Da ist sie wieder. Die Weihnachtszeit. Die Zeit der Weihnachtsmärkte, der Weihnachtsfeiern und Familientreffen. Plätzchen, Stollen und Gänsekeule. Eigentlich geht es beim Weihnachtsfest ja nicht ums Essen, aber irgendwie hat sich das bei uns so eingebürgert: Schlemmereien soweit das Auge reicht. Nicht nur am Heiligen Abend. Sondern in der gesamten Adventszeit. 

Für manch einen ist das einfach nur eine schöne besinnliche Zeit. Für mich bedeutet diese Zeit, dass ich besonders gut auf meine Bedürfnisse und Grenzen achten darf. Denn auch wenn ich die Bulimie vor sechs Jahren aus meinem Leben verabschiedet habe: Es gibt immer noch Momente und Szenarien, die mich überfordern. Und viele davon häufen sich in der Weihnachtszeit.

Und ich weiß, dass ich damit nicht allein bin. Stressforscher haben herausgefunden, dass unglaublich viele Menschen zur Weihnachtszeit mehr Stress denn je empfinden. So hoch sind die Ansprüche an Harmonie, Dekoration und Weihnachtsmenü……

Ich wollte einfach nur normal sein

Mit 11 Jahren hat das mit der Essstörung angefangen. Erst gar nichts essen. Und dann ganz viel. Und es wieder erbrechen. Mehrmals am Tag. Und das was noch übrig bleibt wegsporteln. Es gab Phasen, die waren besser. Und Phasen, die waren schlechter.
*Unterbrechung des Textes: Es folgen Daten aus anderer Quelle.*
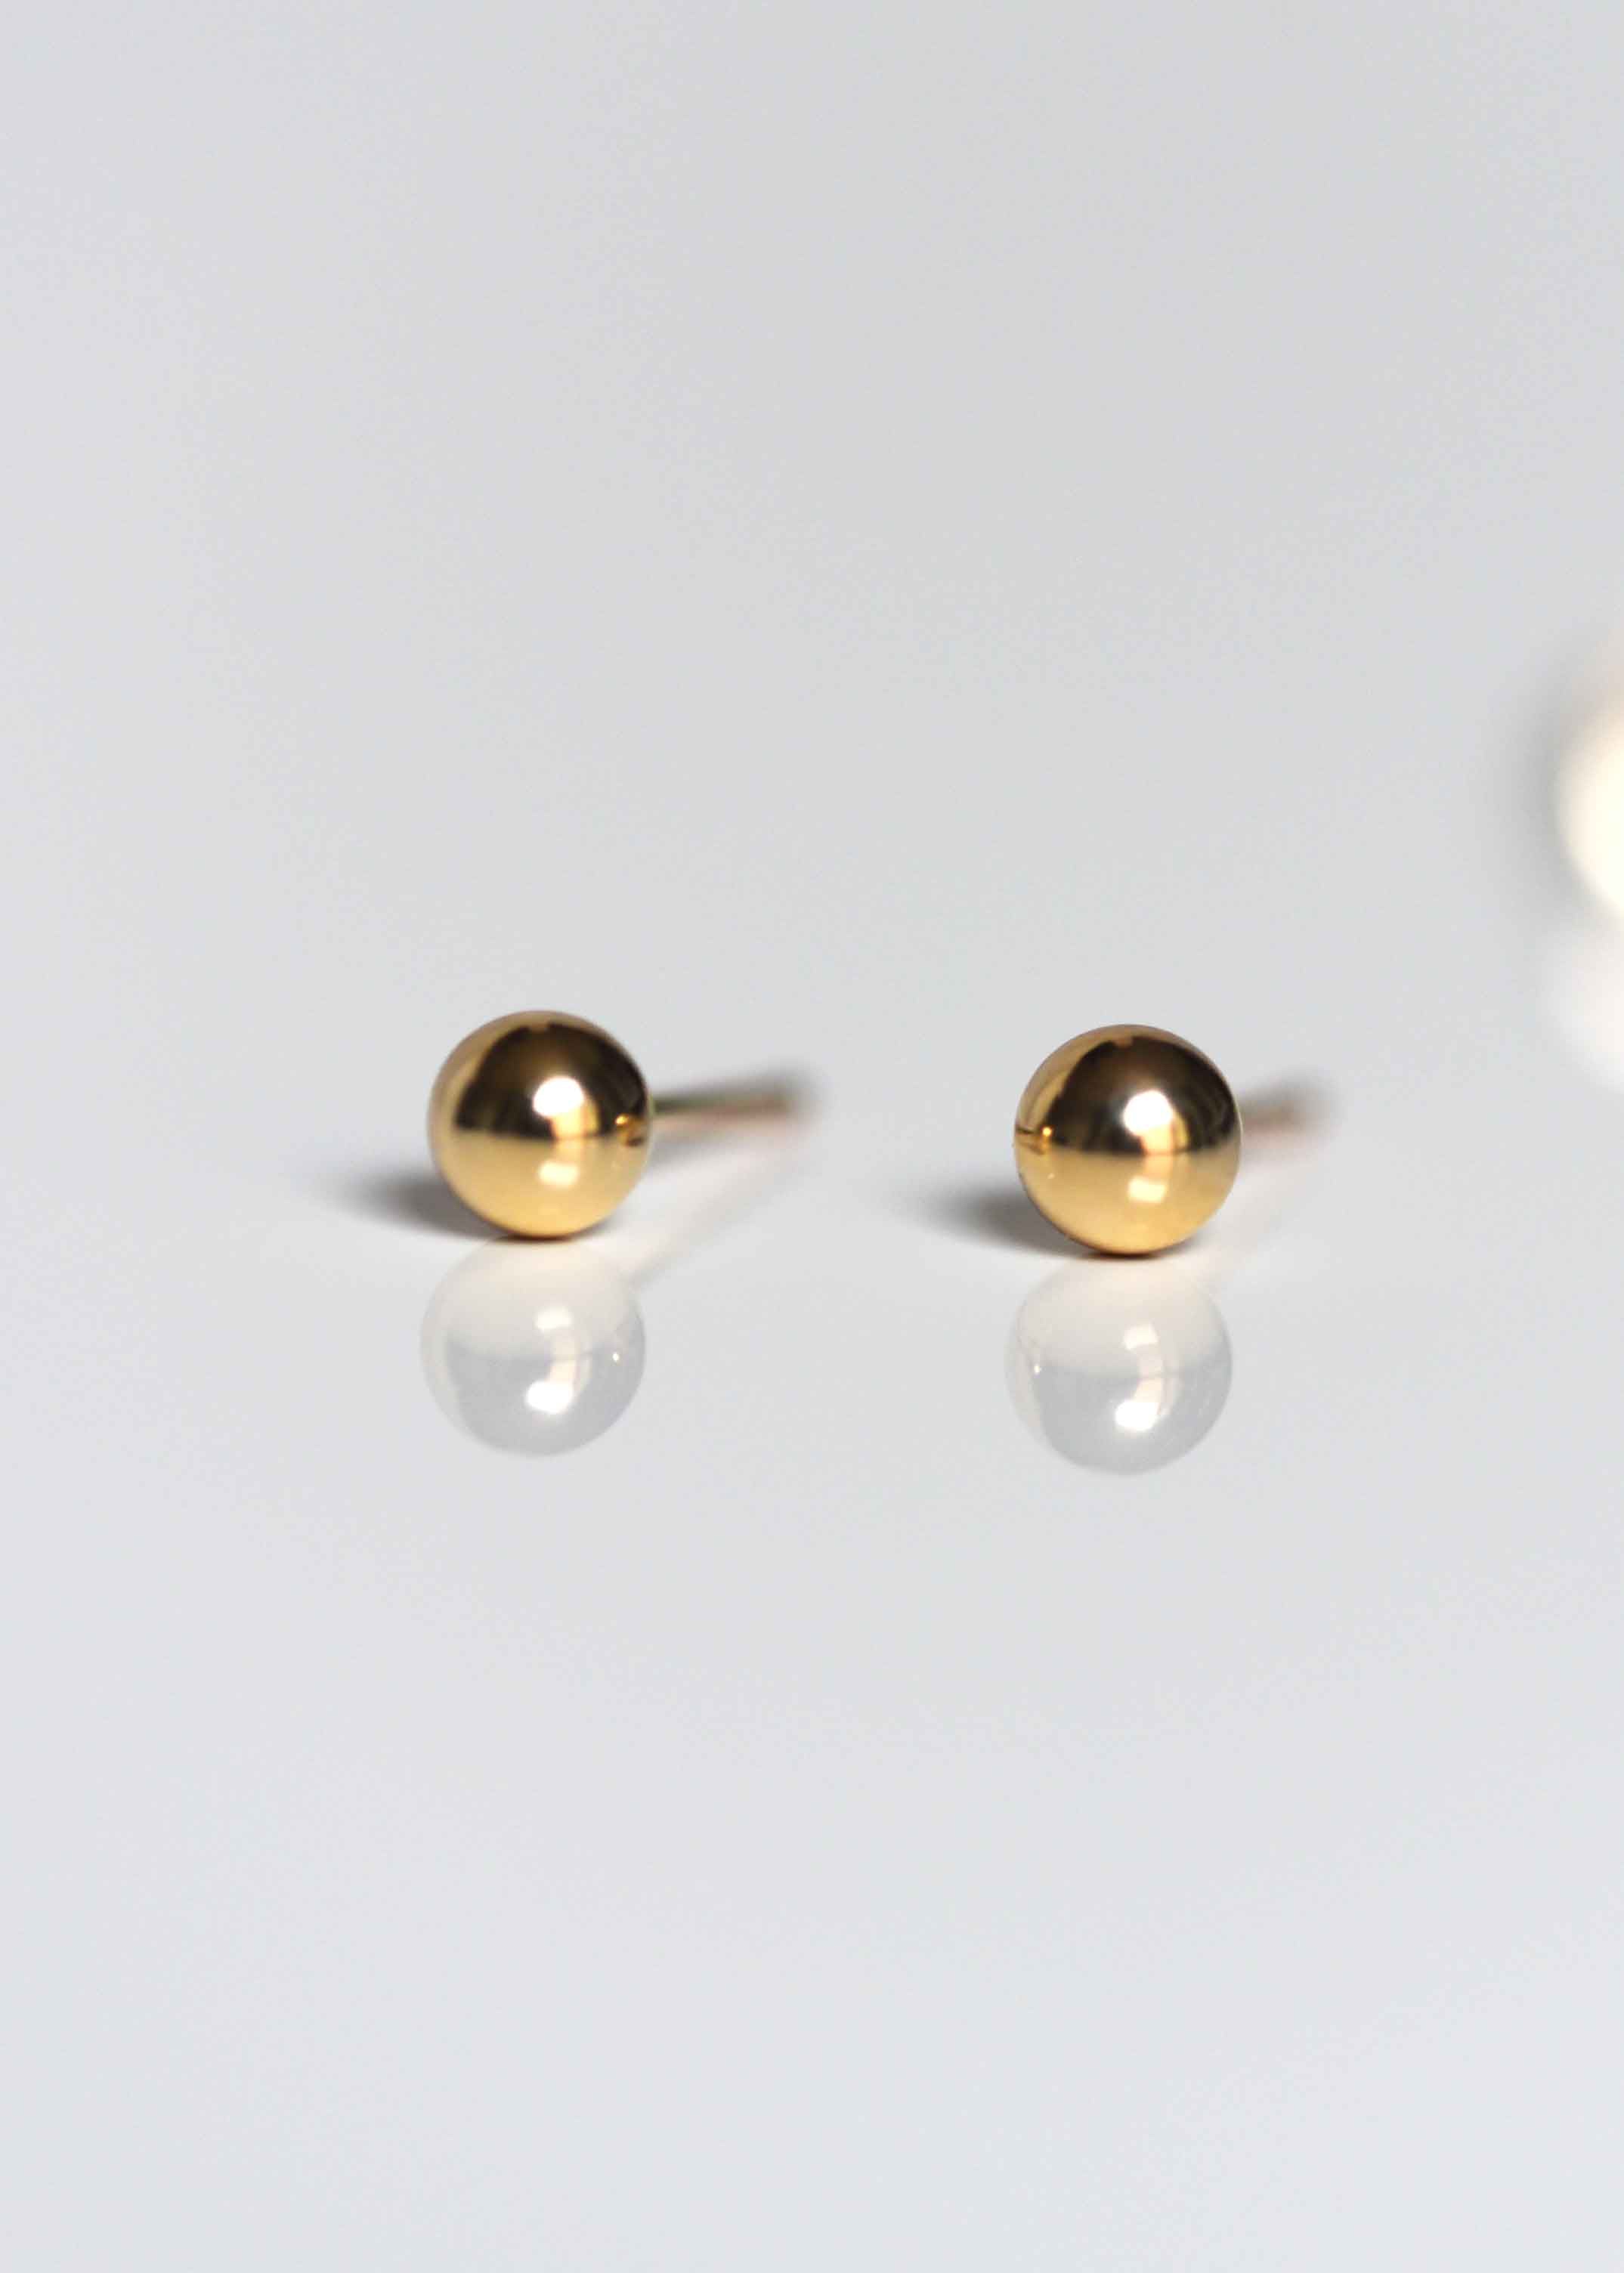 simple gold studs, small earrings hypoallergenic gold filled

Phasen in denen ich mich wie eine Gefangene meiner Sucht fühlte. Unfähig, aus dem Gefängnis zwischen Nicht-Essen, Über-Essen und Erbrechen zu entfliehen. Natürlich war da mein Streben nach einem Ideal vom perfekten Körper. Das Gefühl, selbst nicht schön und schlank und genug zu sein. Aber da waren auch all die Gefühle von Wut, Traurigkeit und Schmerz, die ich mit dem Essen und Kotzen betäuben konnte.
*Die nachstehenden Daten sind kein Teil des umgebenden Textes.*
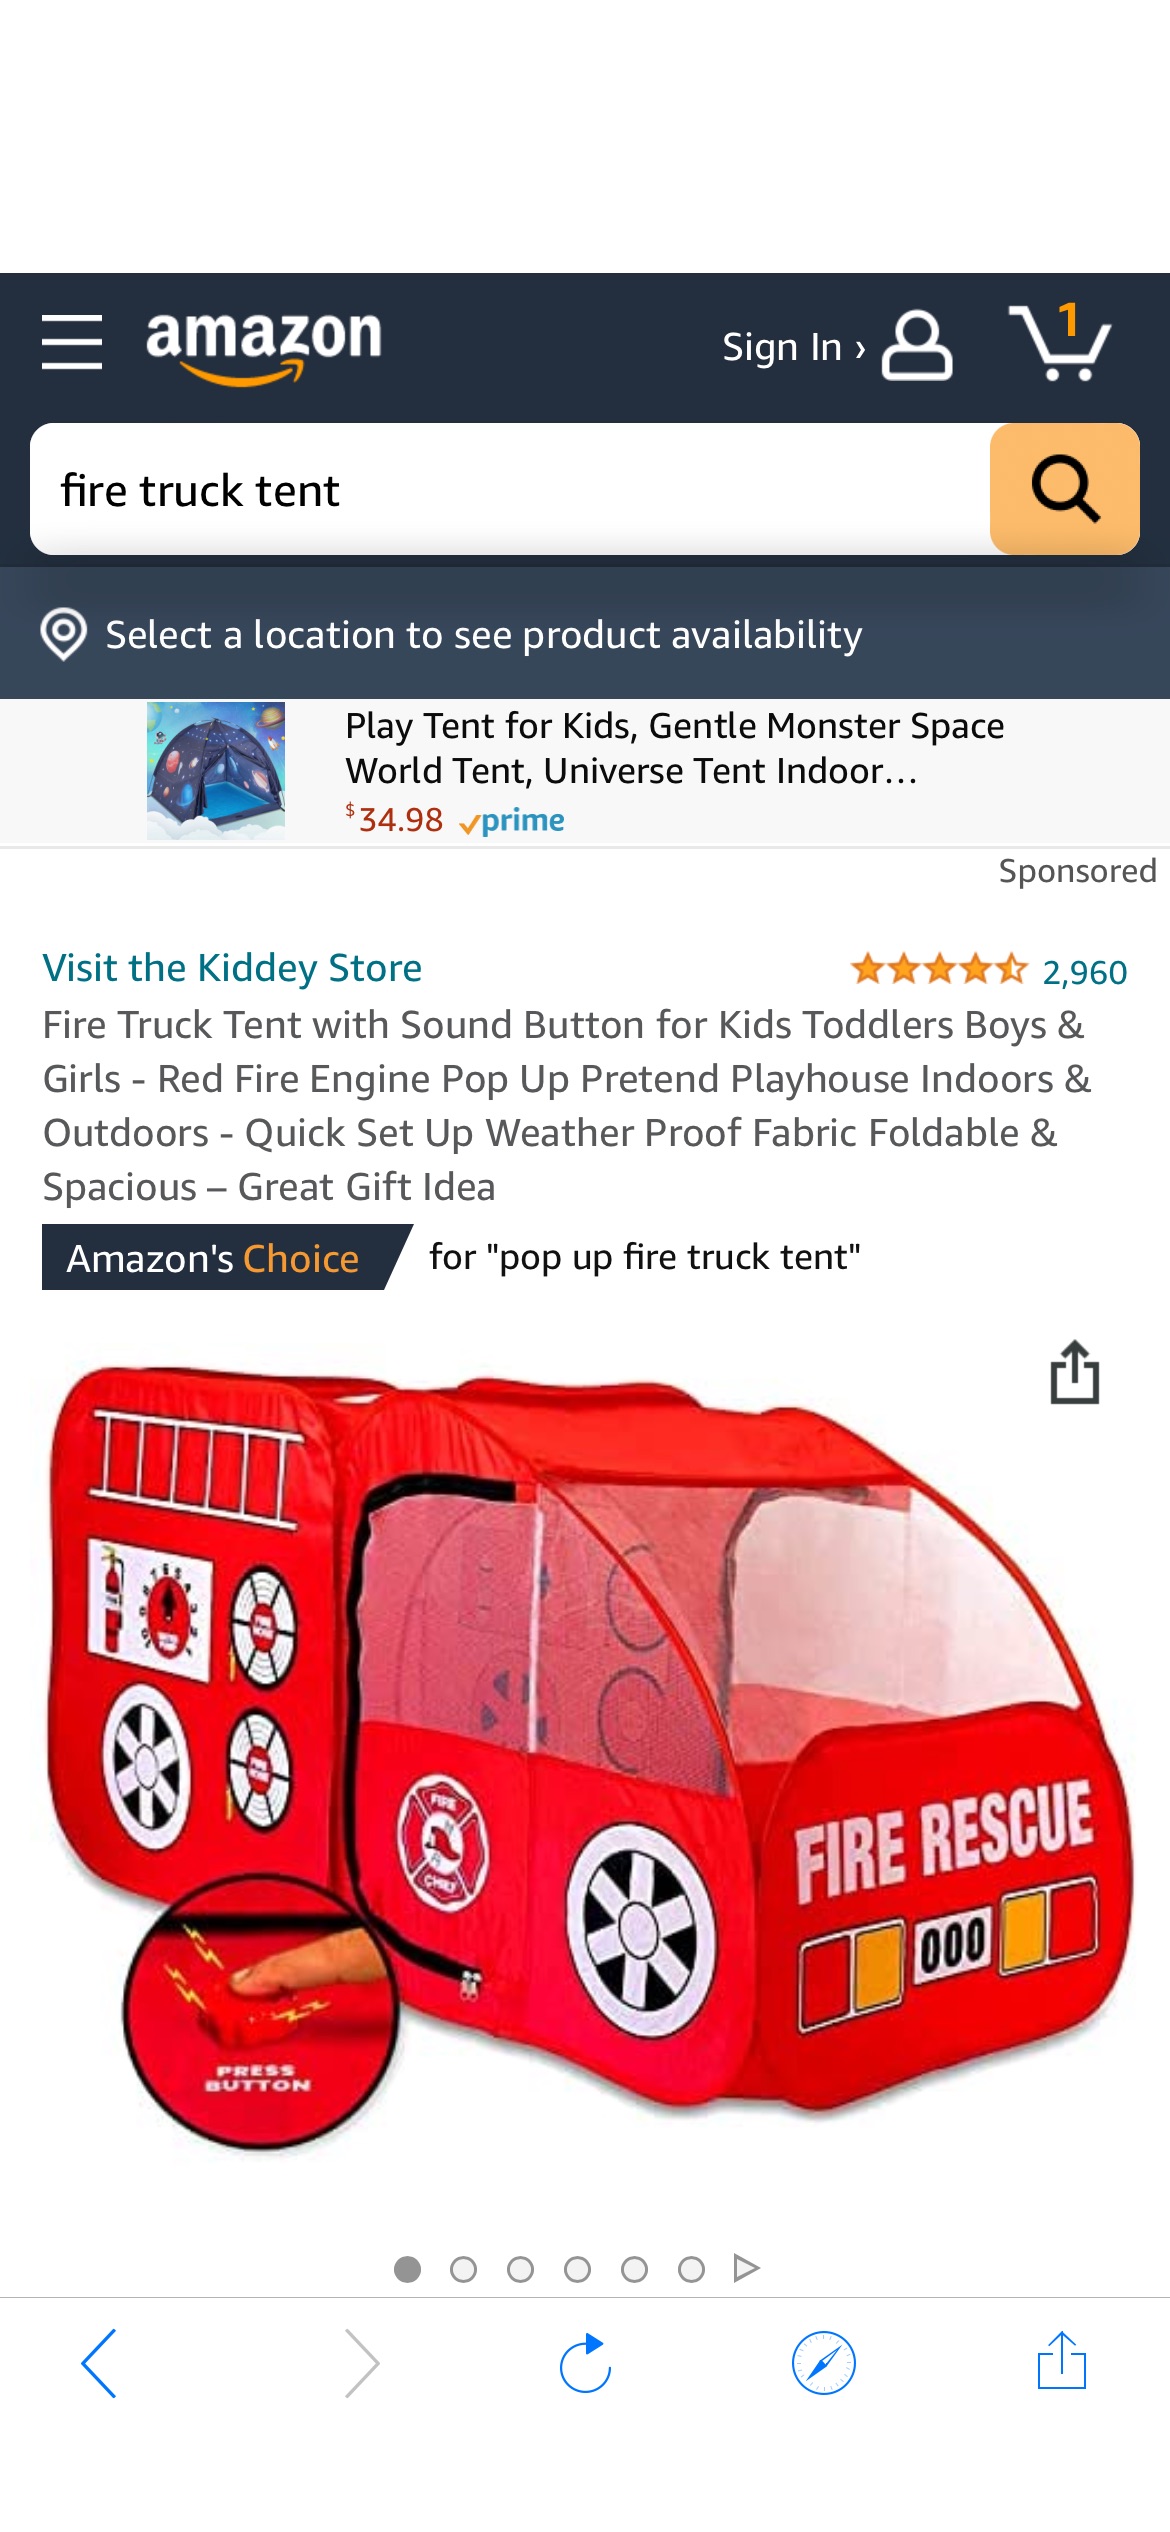 Amazon.com: Fire Truck Tent with Sound Button for Kids Toddlers Boys & Girls - Red Fire Engine Pop Up Pretend Playhouse Indoors & Outdoors 消防车造型帐篷

Seither waren Partys, Brunches und Feiern mit Unmengen von Essen eine echte Herausforderung für mich. Aber gesellschaftliches Zusammensein findet in unserer Gesellschaft nun mal oft über derlei Events statt. Also habe ich es immer wieder versucht. Denn ich wollte irgendwie dazu gehören. Einfach eine ganz normale junge Frau sein, die das Leben genießt, Feste feiert, sich amüsiert, mit anderen Menschen eine gute Zeit hat. 
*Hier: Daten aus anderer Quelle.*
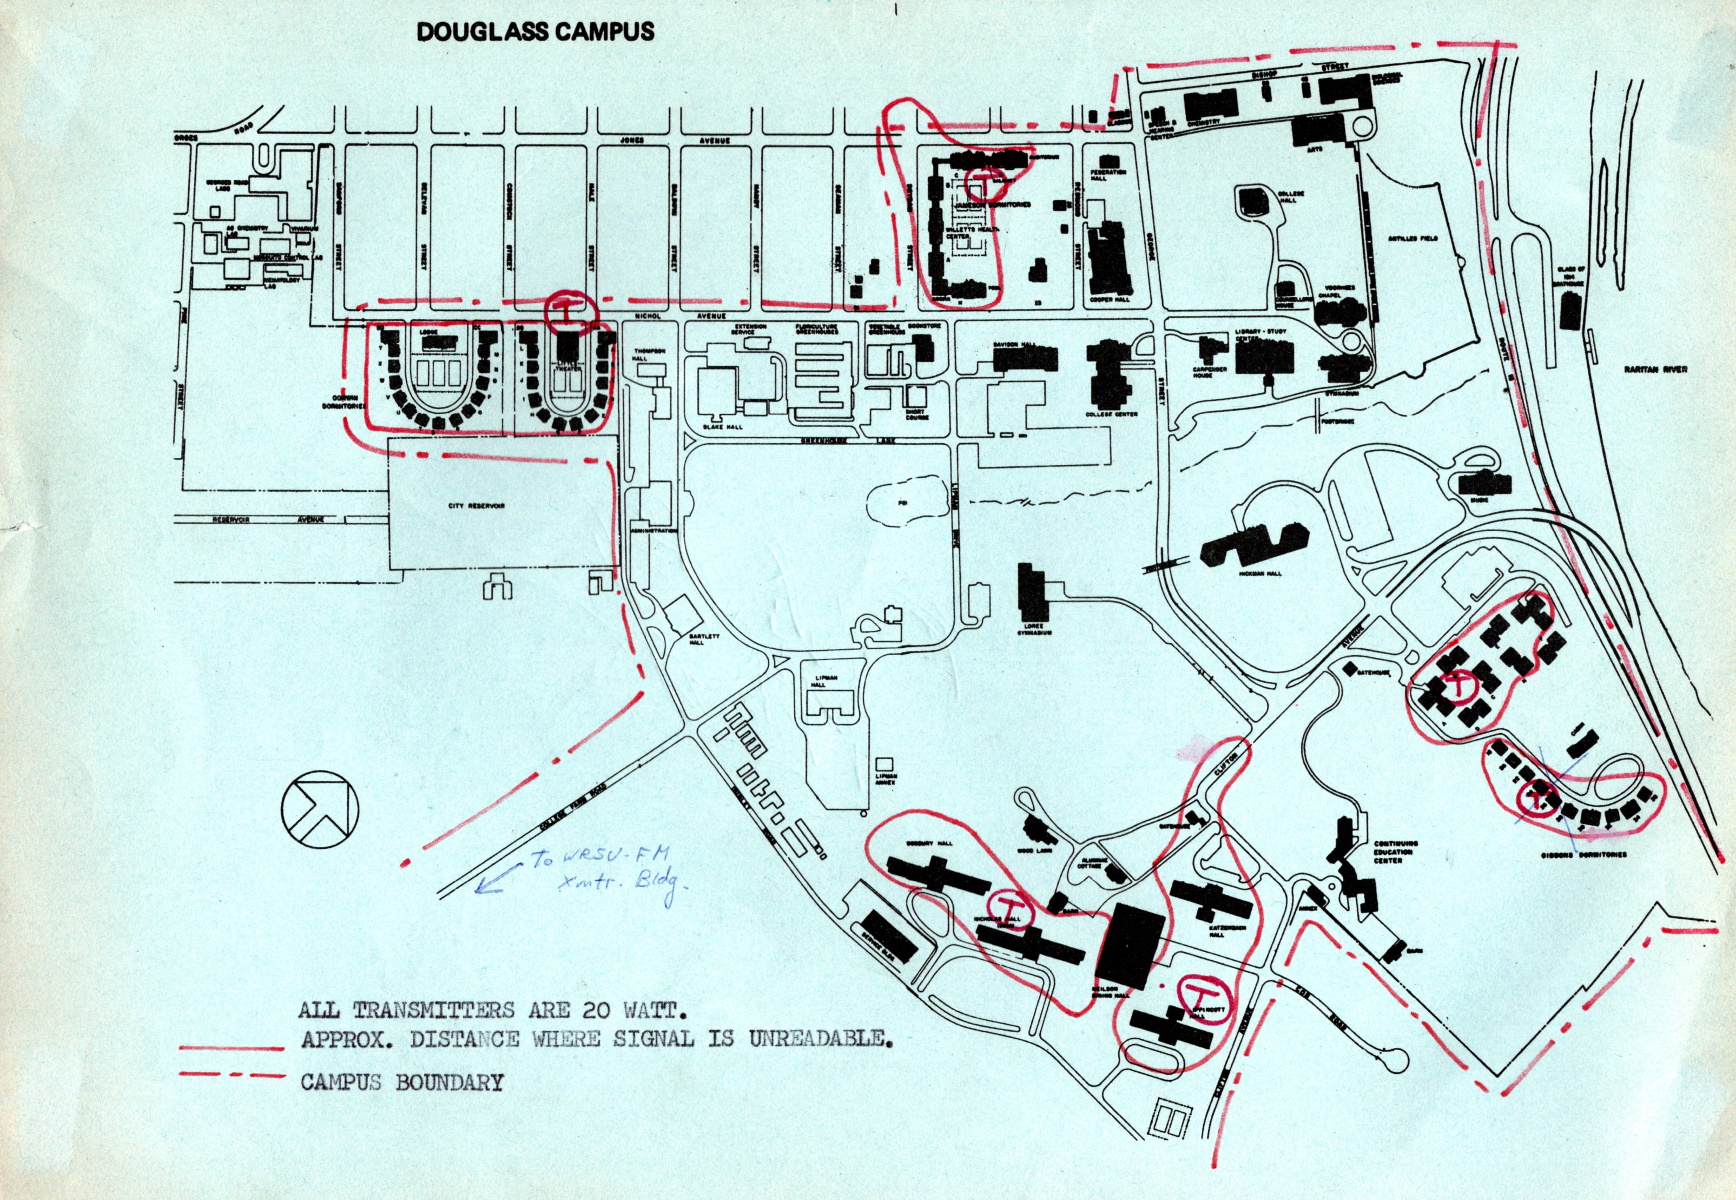 1975 A map of the WRSU-AM coverage at Douglass College

Aber dieser Wunsch nach vermeintlicher Normalität führte dazu, dass ich oftmals über meine Grenzen ging.

Ess-Brech-Exzesse auf Partys

Jegliche Anlässe mit viel Essen waren für mich immer eine Herausforderung. Während meiner Krankheitsjahre endeten sie oft in einem Ess-Brech-Exzess. Entweder dann, wenn ich wieder allein war. Oder schon heimlich während sich alle anderen amüsierten. Nein, auf so einer Party fällt es gar nicht auf, wenn jemand immer mal wieder für ein Weilchen auf dem Klo verschwindet. 

Ich weiß nicht, ob es an der überaus großen Präsenz von Essen lag oder daran, dass ich auf Feiern immer die Sinnlosigkeit der menschlichen Existenz wahrnahm. Unter all den Menschen fühlte ich mich oft unglaublich einsam. Und diese Leere stopfte ich dann mit Essen, das ich nicht in mir behalten wollte, denn meine Ideale waren hoch. Vor allem die an meinen Körper.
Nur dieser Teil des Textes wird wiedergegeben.